The Ministry of Justice and the Prosecutor General’s Office effectively enforced the section of the labor code prohibiting forced child labor.
d. Acceptable Conditions of Work
In July 2012 the World Bank elevated the country from a “lower middle income” country to an “upper middle income” country to reflect the country’s recent robust economic growth. The minimum monthly wage for all sectors is 440 manat ($155). An official estimate of the poverty-level income was not available. The standard legal workweek is 40 hours with weekends off. The law states that overtime or holiday pay should be double the regular wage. Maximum overtime in a year is 120 hours and cannot exceed four hours in two consecutive days. The law prohibits pregnant women, women that have children up to age three, women with disabled children under age 16, and single parents with two or more children from working overtime.

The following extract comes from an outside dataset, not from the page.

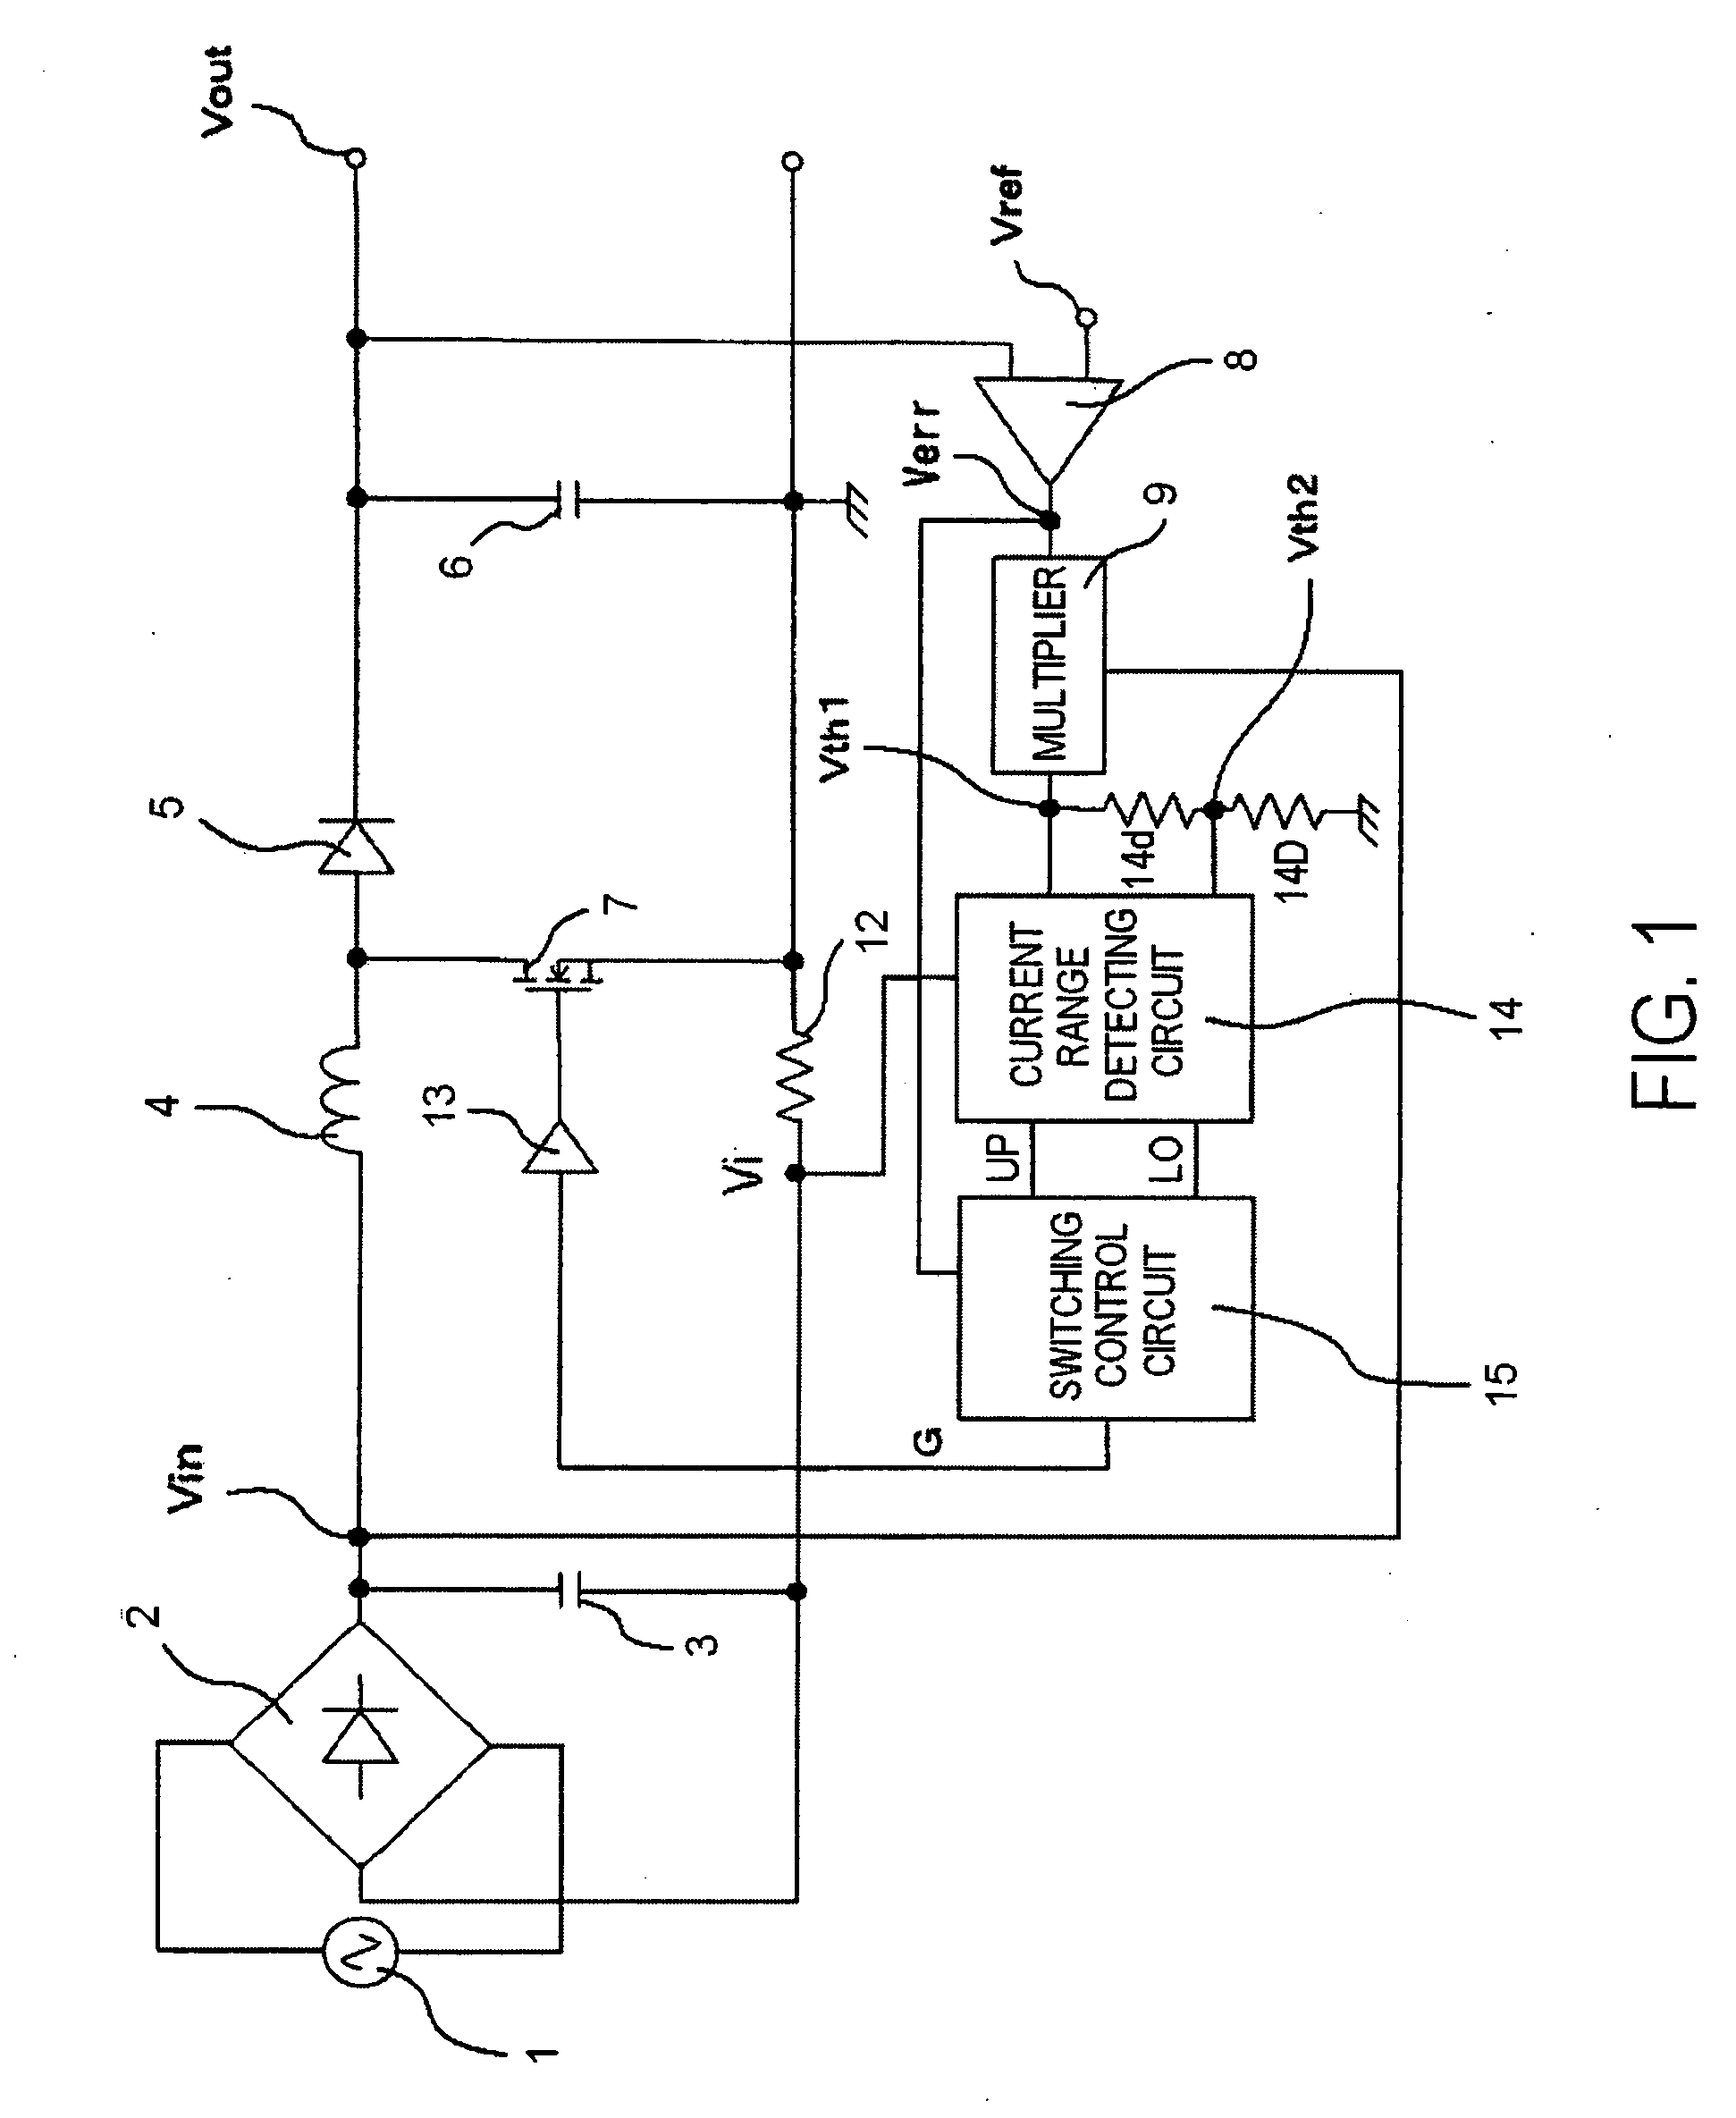 Switching power source system

The law provides state employees with a minimum of 30 days of paid annual leave, 45 days for teachers at all types of educational institutions, and 55 days for professors. The law permits newlyweds and their parents 10 days of paid leave for the preparation of weddings. Workers also receive 10 days of paid leave to carry out funeral rites and commemoration ceremonies in the event of a death of a close relative. Upon reaching age 62, citizens are entitled to an additional three days of paid leave.
The government did not set comprehensive standards for occupational health and safety. There is no state labor inspectorate. There were, however, 14 labor inspectors employed by state trade unions who have the right to issue improvement notices to government industries. According to the law, trade union inspectors cannot levy fines.

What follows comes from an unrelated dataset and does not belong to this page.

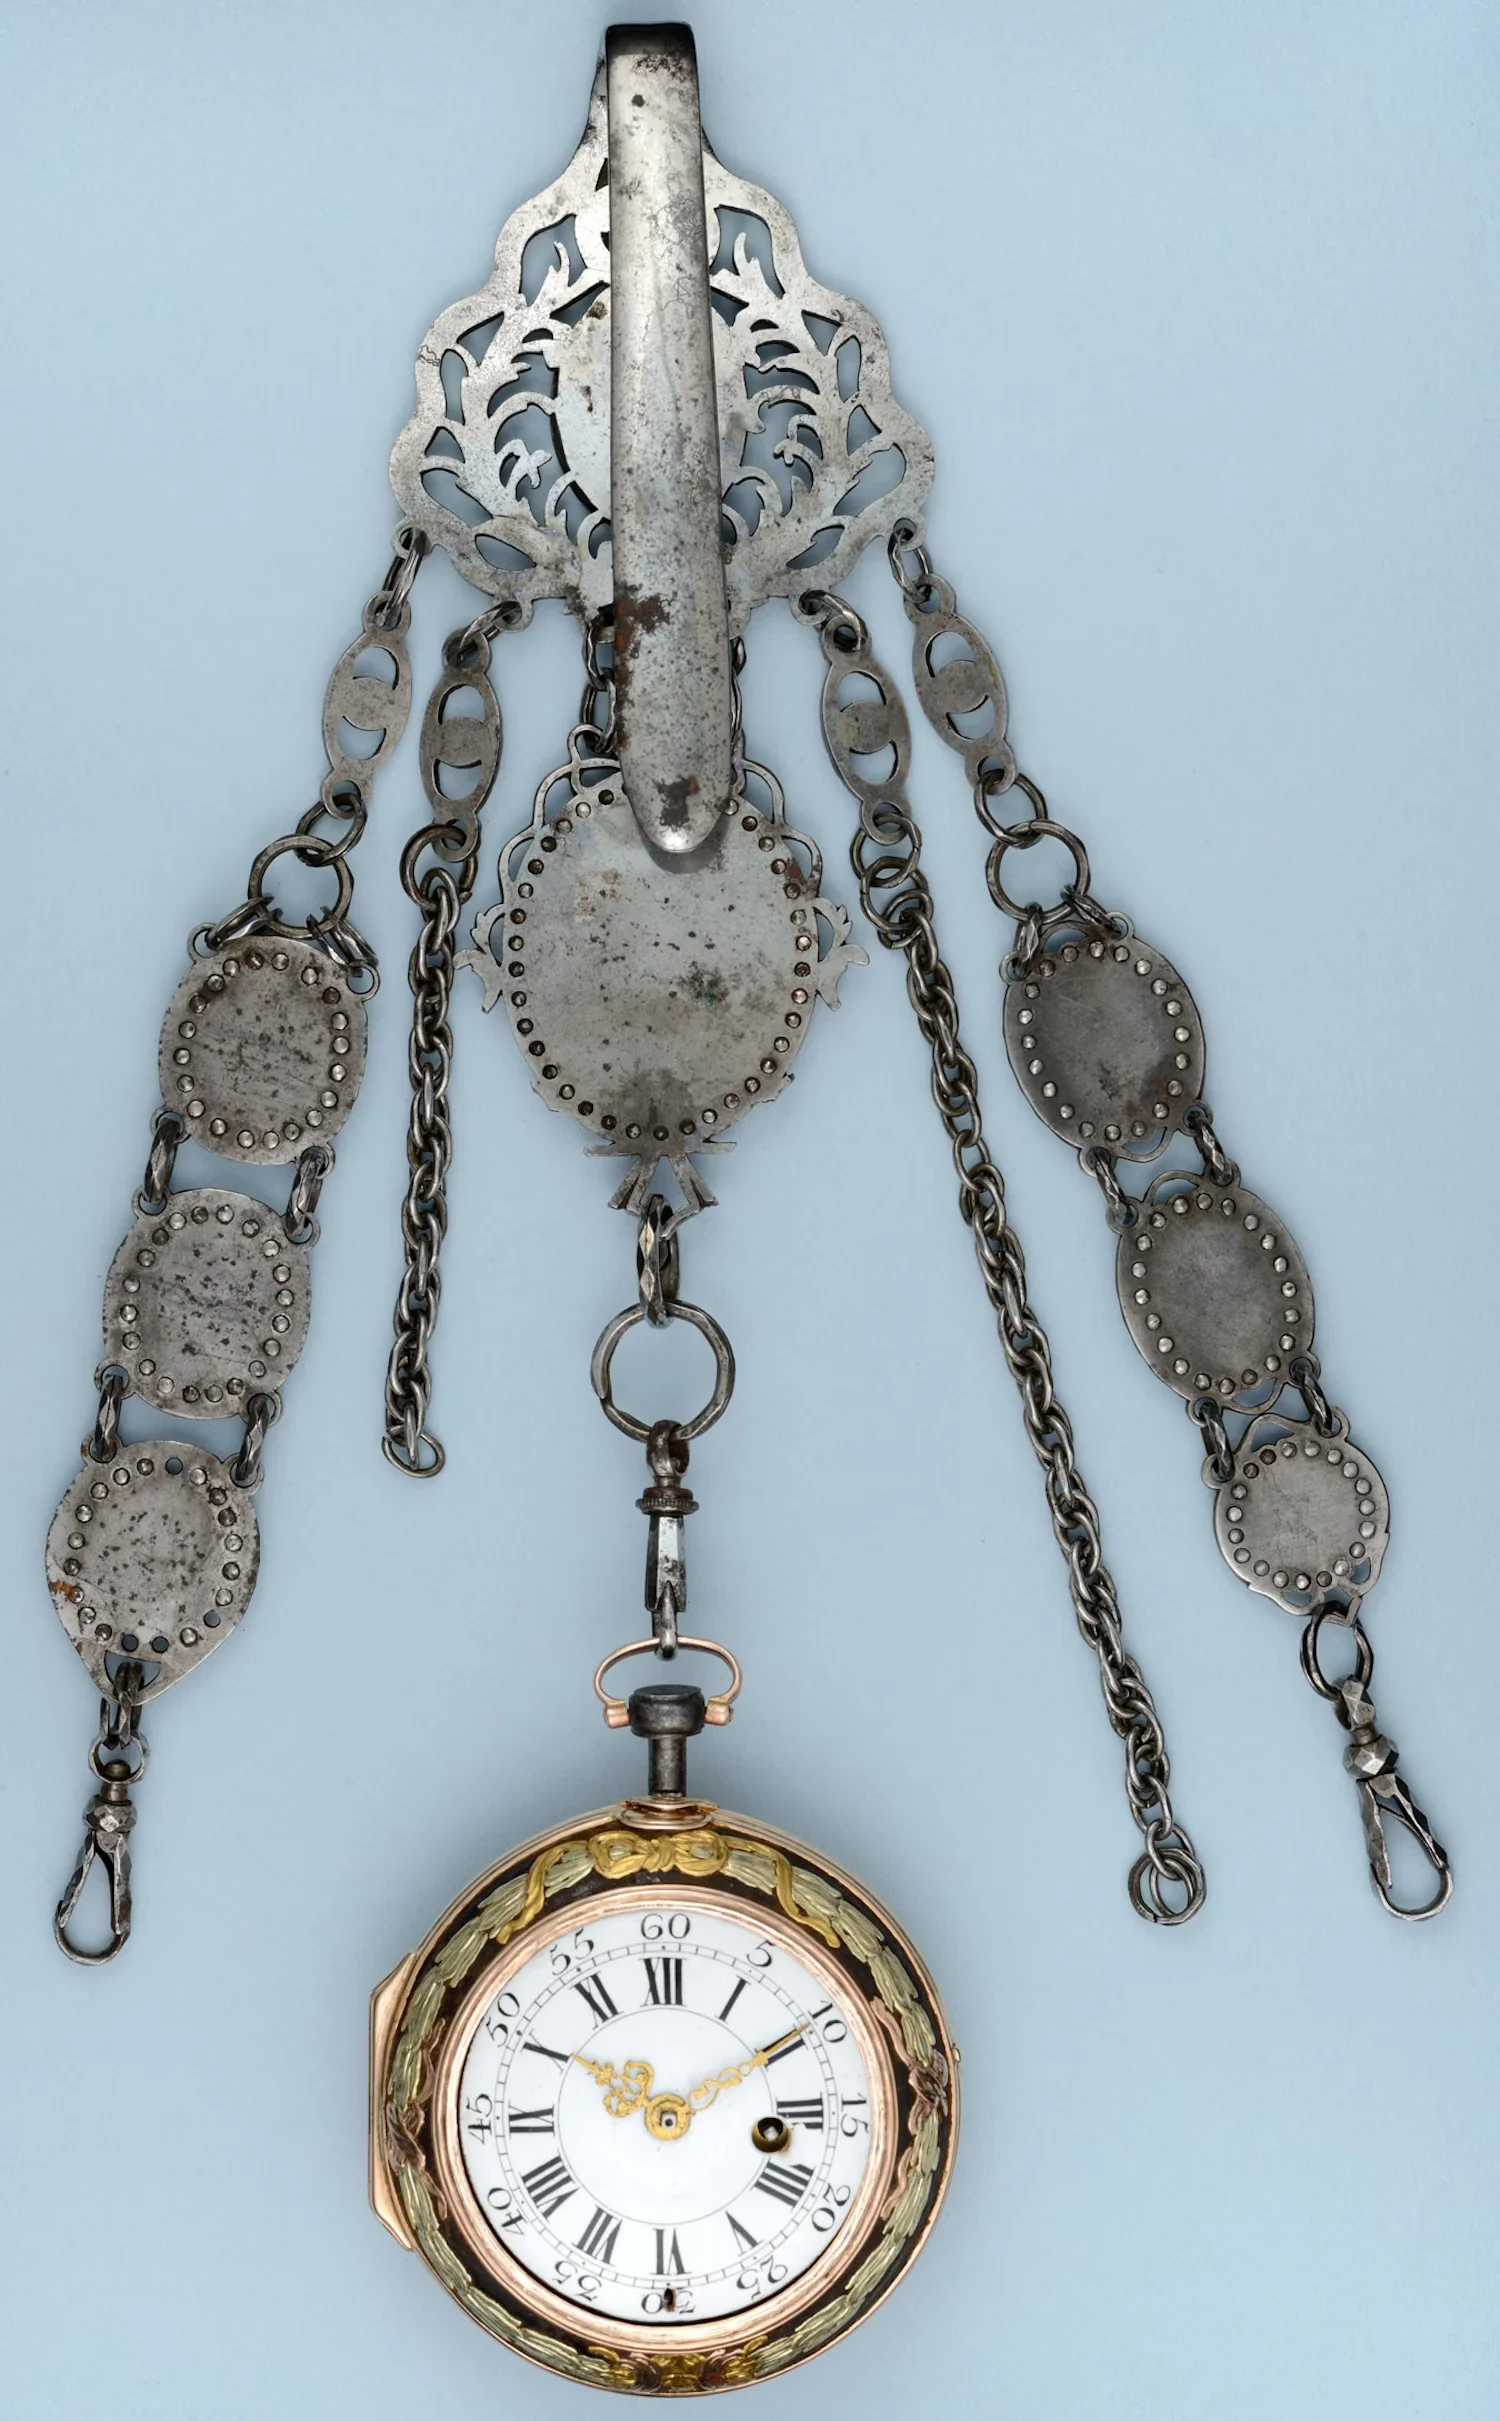 Pocket watch with enamel and chatelaine | Watches | Antiques - Gallery USTAR

The government required its workers and many private sector employees to work 10 hours a day or a sixth day without compensation. Reports indicated that many public sector employees worked at least a half-day on Saturdays. Laws governing overtime and holiday pay were not effectively enforced. By presidential decree, wages increased in January by 10 percent. In July the government reformed the labor code to provide benefits including bonus pay, reduced work hours, additional leave time, and eligibility for early retirement for work deemed hazardous. In September school teachers received an additional 10 percent wage increase.
Construction workers and industrial workers in older factories often labored in unsafe environments and were not provided proper protective equipment. Some agricultural workers were subjected to environmental health hazards related to the application of defoliants in preparing cotton fields for mechanical harvesting. Workers did not have the right to remove themselves from work situations that endangered their health or safety without jeopardy to their continued employment. Statistics regarding work-related injuries and fatalities were not available.